By Amit SinghMay. 31 2019, Published 1:28 p.m. ET
Tariff uncertainty takes a toll
The shares of Tiffany & Co. (TIF) and Signet Jewelers (SIG) have fallen ~14% and 12%, respectively, since May 10. Uncertainty related to the trade tariffs seems to have triggered the recent sell-offs in these companies. Investors remain skeptical about whether the US-China trade spat will hurt these jewelry retailers. The potential impact on their financials is still unclear.
Tiffany stock has erased most of its gains YTD (year-to-date), but it’s still up 11.8% as of May 30. Meanwhile, Signet stock is down 36.7% so far this year, reflecting continued challenges in its base business and pressure on its earnings.
Near-term challenges could limit upside
The recent decline in the stock prices of these jewelry retailers makes them attractive on the valuation front. However, short-term challenges could limit their upsides. Signet’s top line is expected to stay low as a decline in transactions is likely to hurt its comparable sales. Moreover, promotional spending to boost sales and higher credit costs are expected to hurt its earnings.

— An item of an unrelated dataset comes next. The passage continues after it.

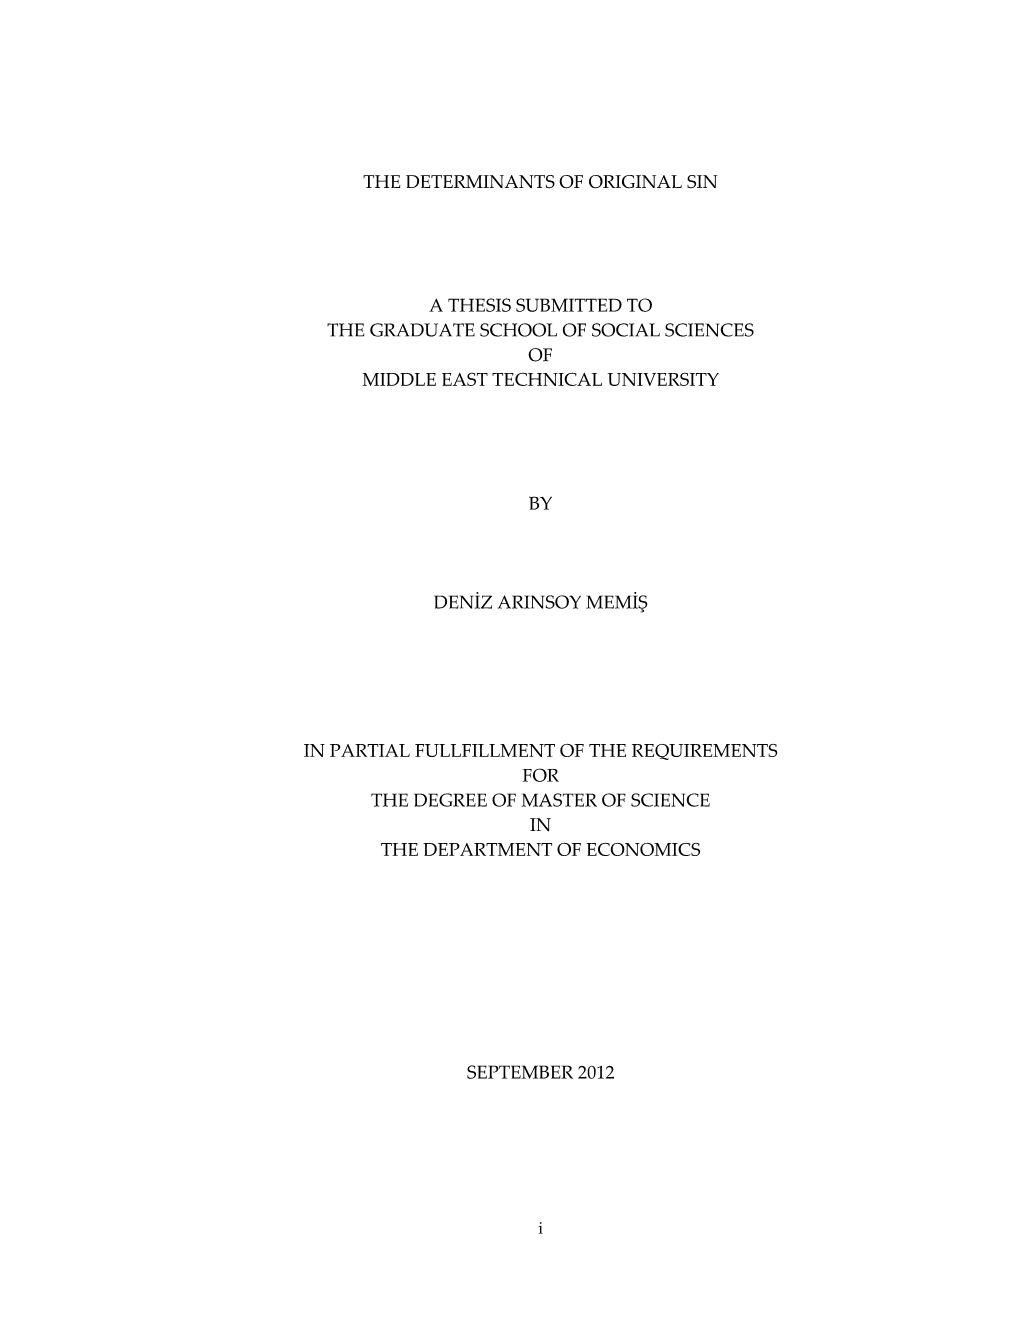 The Determinants of Original Sin a Thesis Submitted to The
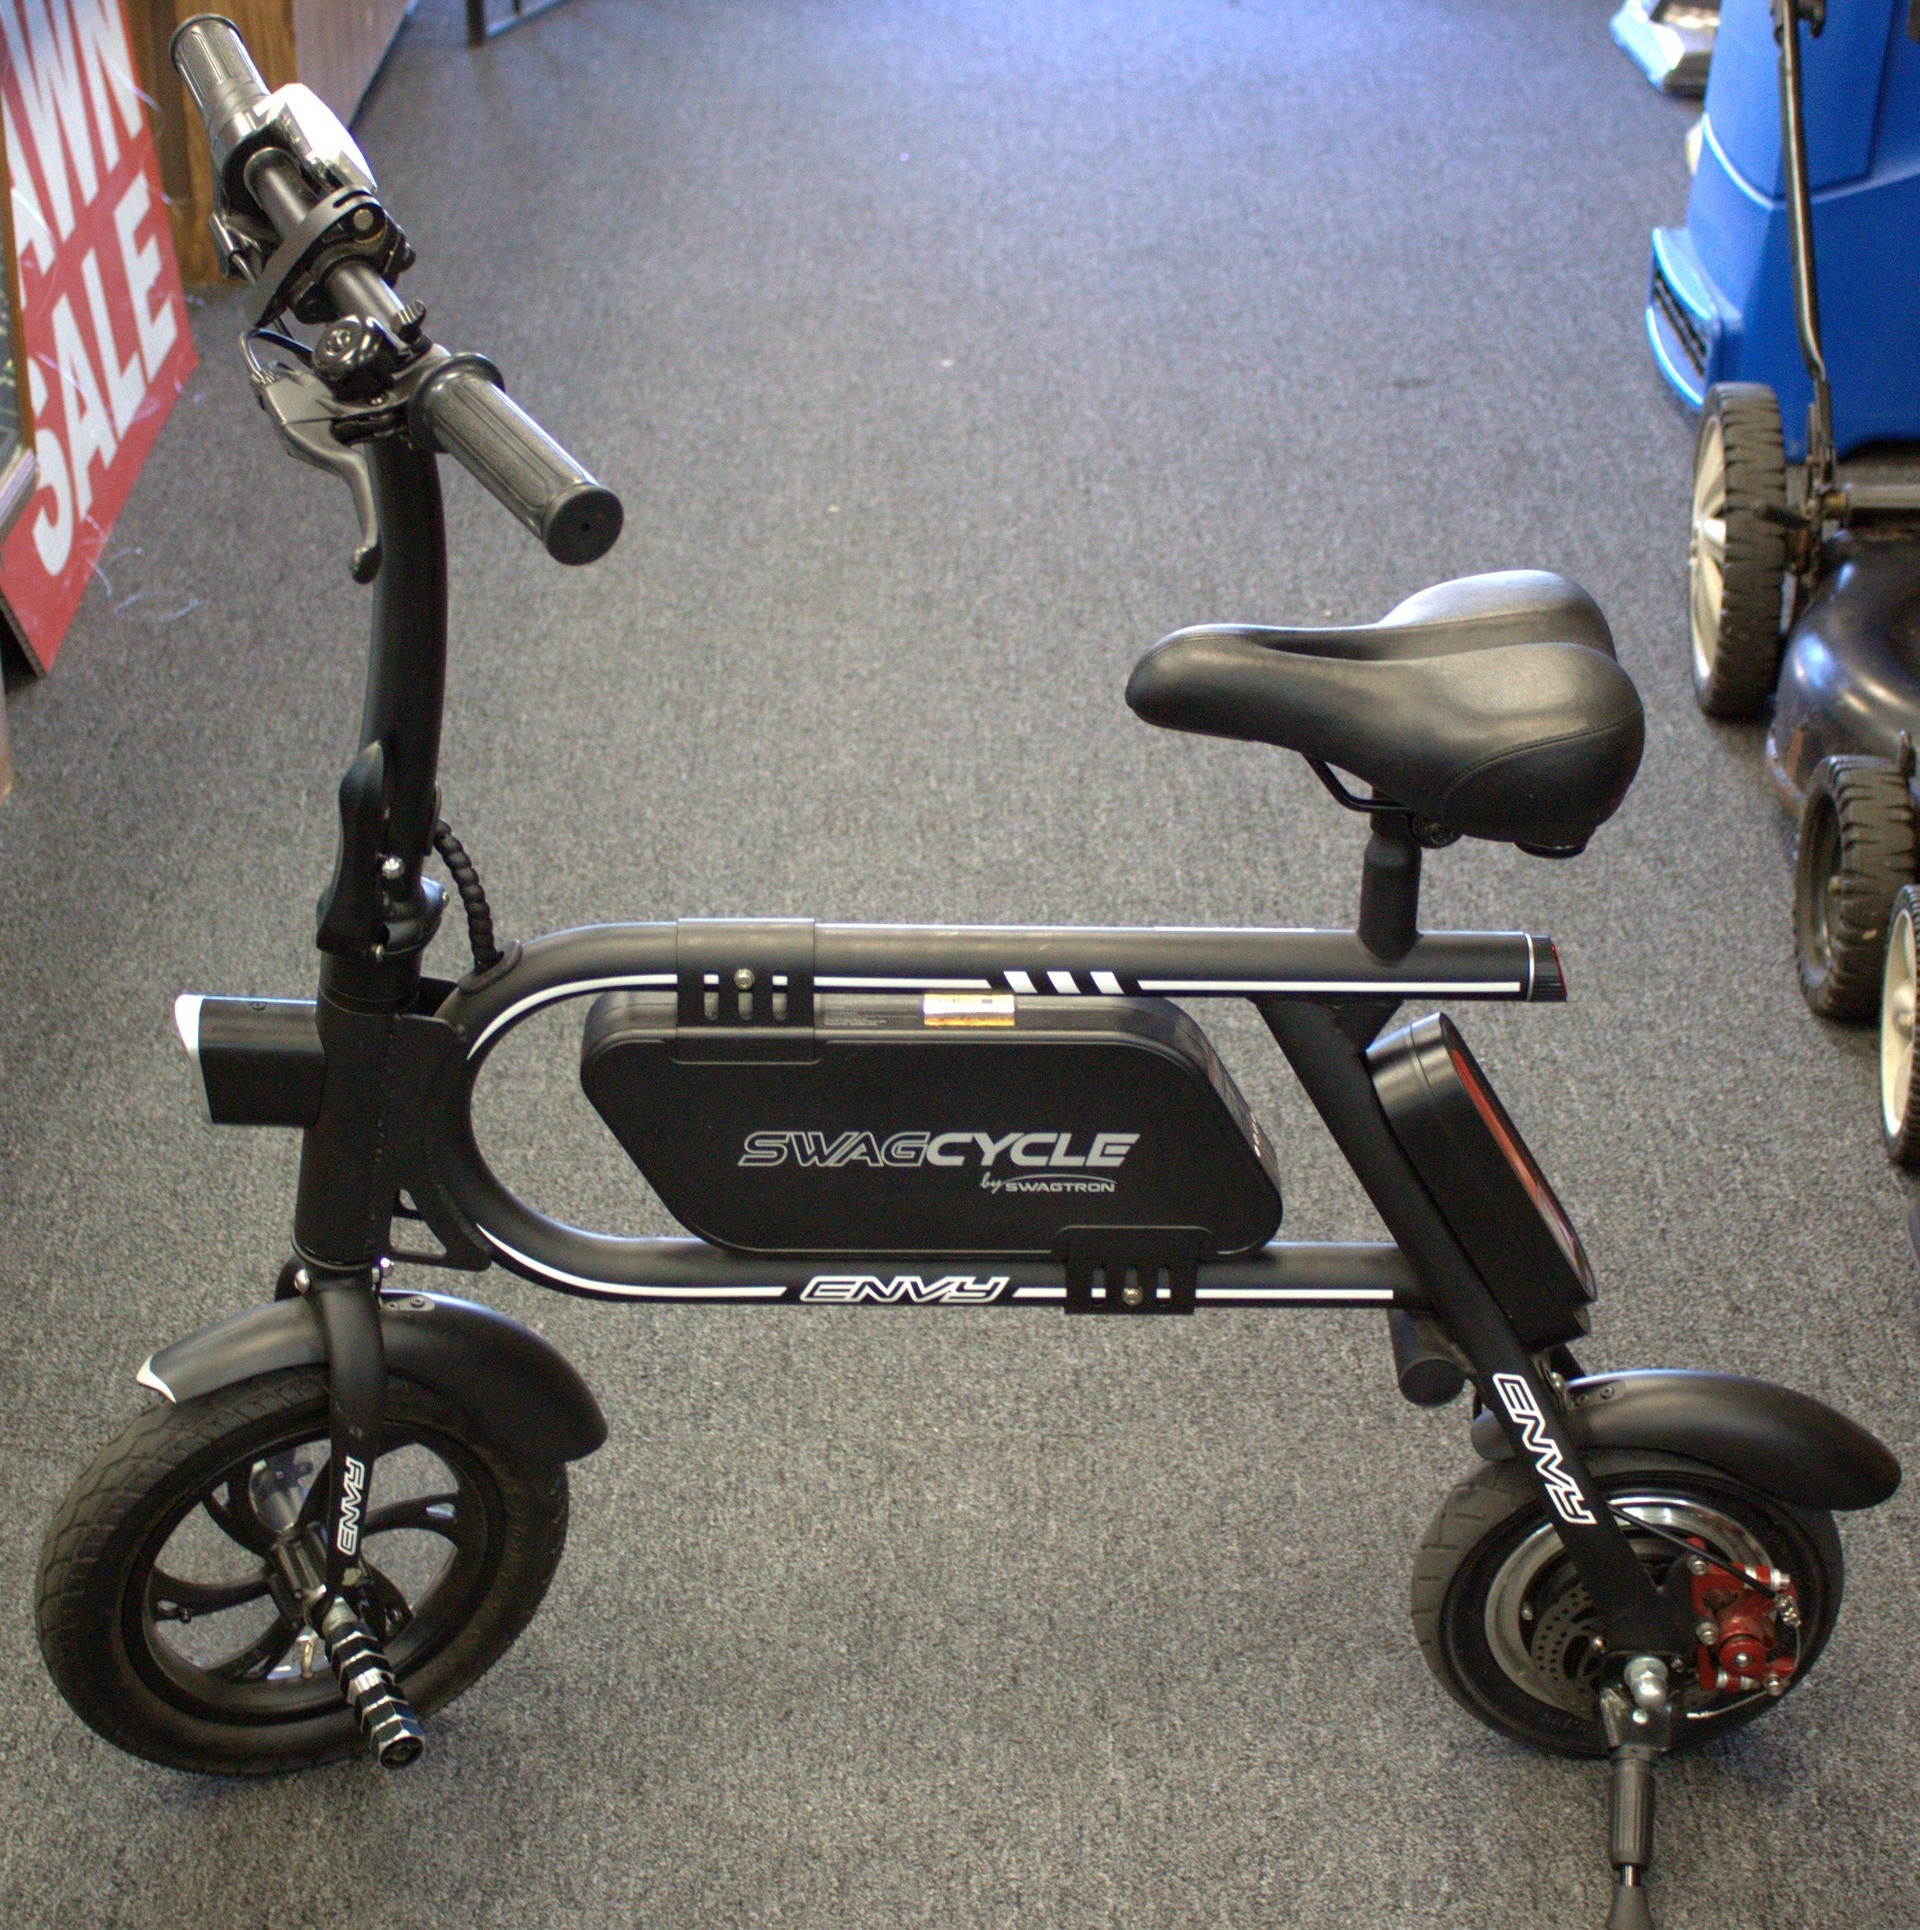 Swagcycle Envy budget eBike standing on kickstand indoors

As for Tiffany, its top and the bottom lines are expected to stay weak in the first half of fiscal 2019. The strengthening of the US dollar is likely to hurt tourist spending. Meanwhile, lower demand from local customers remains a drag. Soft sales and Tiffany’s investments in growth measures are expected to drag its earnings down in the first half of fiscal 2019.